Clinical advantages of using mini-bypass systems in terms of blood product use, postoperative bleeding and air entrainment: an in vivo clinical perspective

Cardiovascular Center Bad Bevensen, Clinic for Cardiac and Thoracic Surgery, Bad Bevensen, Germany

Received 21 September 2006; received in revised form 18 January 2007; accepted 31 January 2007.

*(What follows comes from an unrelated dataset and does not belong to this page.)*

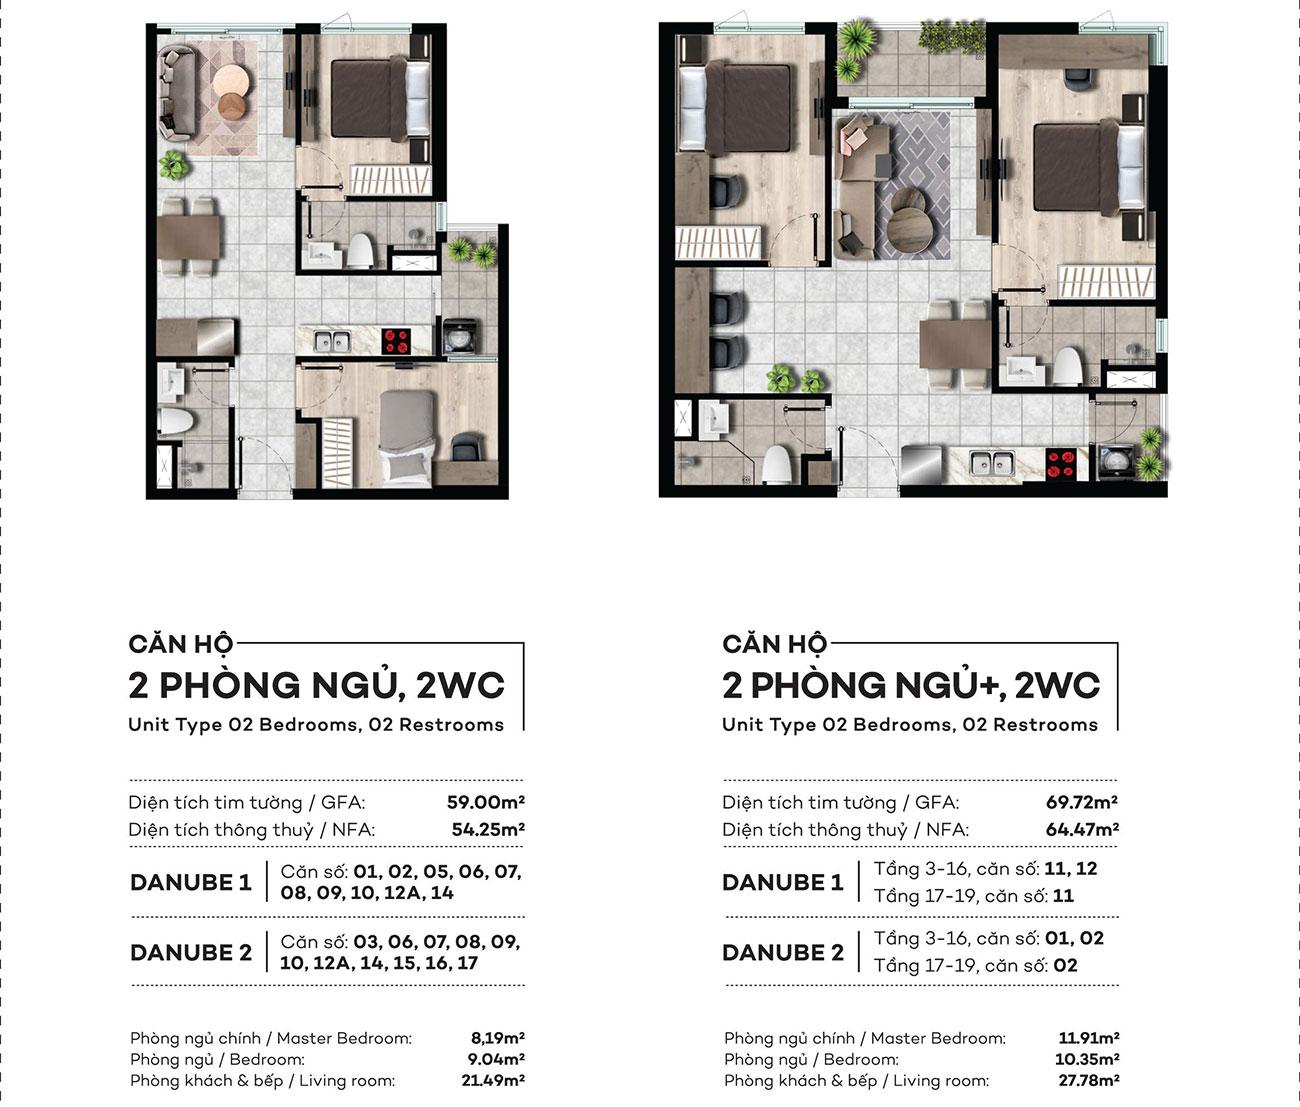 Thiết kế chi tiết căn hộ 2PN,2WC dự án West Gate Bình Chánh – Liên hệ 0942.098.890 nhận báo giá căn hộ này

^_* Corresponding author. Address: Klinik für Herz-Thorax-Chirurgie, Herz- und Gefäßzentrum Bad Bevensen, Roemstedter Str. 25, 29549 Bad Bevensen, Germany. Tel.: +49 5821 82 1702; fax: +49 5821 82 1777. (Email: m.perthel{at}hgz-bb.de).

	Abstract

Top Abstract 1. Introduction 2. Materials and methods 3. Statistics 4. Results 5. Discussion 6. Conclusion Appendix A References

 
Objective: In an effort to minimize the effect of extracorporeal circulation (ECC), mini-bypass is gaining clinical acceptance in routine coronary artery bypass grafting (CABG). These small circuits target combine the clinical advantages of reduced prime, 100% bio-coating and suction blood separation. We demonstrate that the use of mini-bypass in routine CABG reduces homologous blood product use and postoperative bleeding. Our goal was to also demonstrate that these small systems are effective in gaseous microemboli (GME) management as compared to a conventional extracorporeal system. Methods: Prospective, randomized study comparing 30 mini-bypass (Dideco ECC.O^TM) to 30 conventional systems (n = 30, Dideco 903 Avant^TM). Study included CABG cases only, independent of preoperative coagulative status; clinic ethical committee approval and informed patient consent was obtained before initiating study. Results: There were no statistical differences in terms of patient demographics. Statistically significant differences were seen in transfusion frequency (27% of the study group vs 43% in the control group, p = 0.05), transfused volume (133.3 ± 244.5 ml vs 325 ± 483.1 ml, p < 0.05), fresh frozen plasma (0 unit vs 3 units, p < 0.001), postoperative bleeding (301.8 ± 531.9 ml vs 785.5 ± 1000.4 ml, p < 0.05) and GME activity post-arterial filter (0.14 µl vs 5.32 µl, p < 0.05). Conclusions: The adoption of mini-bypass significantly potentially reduces hemodilution, donor blood usage, postoperative bleeding and exposure to GME in routine CABG patients as compared to the use of conventional extracorporeal circulation circuits.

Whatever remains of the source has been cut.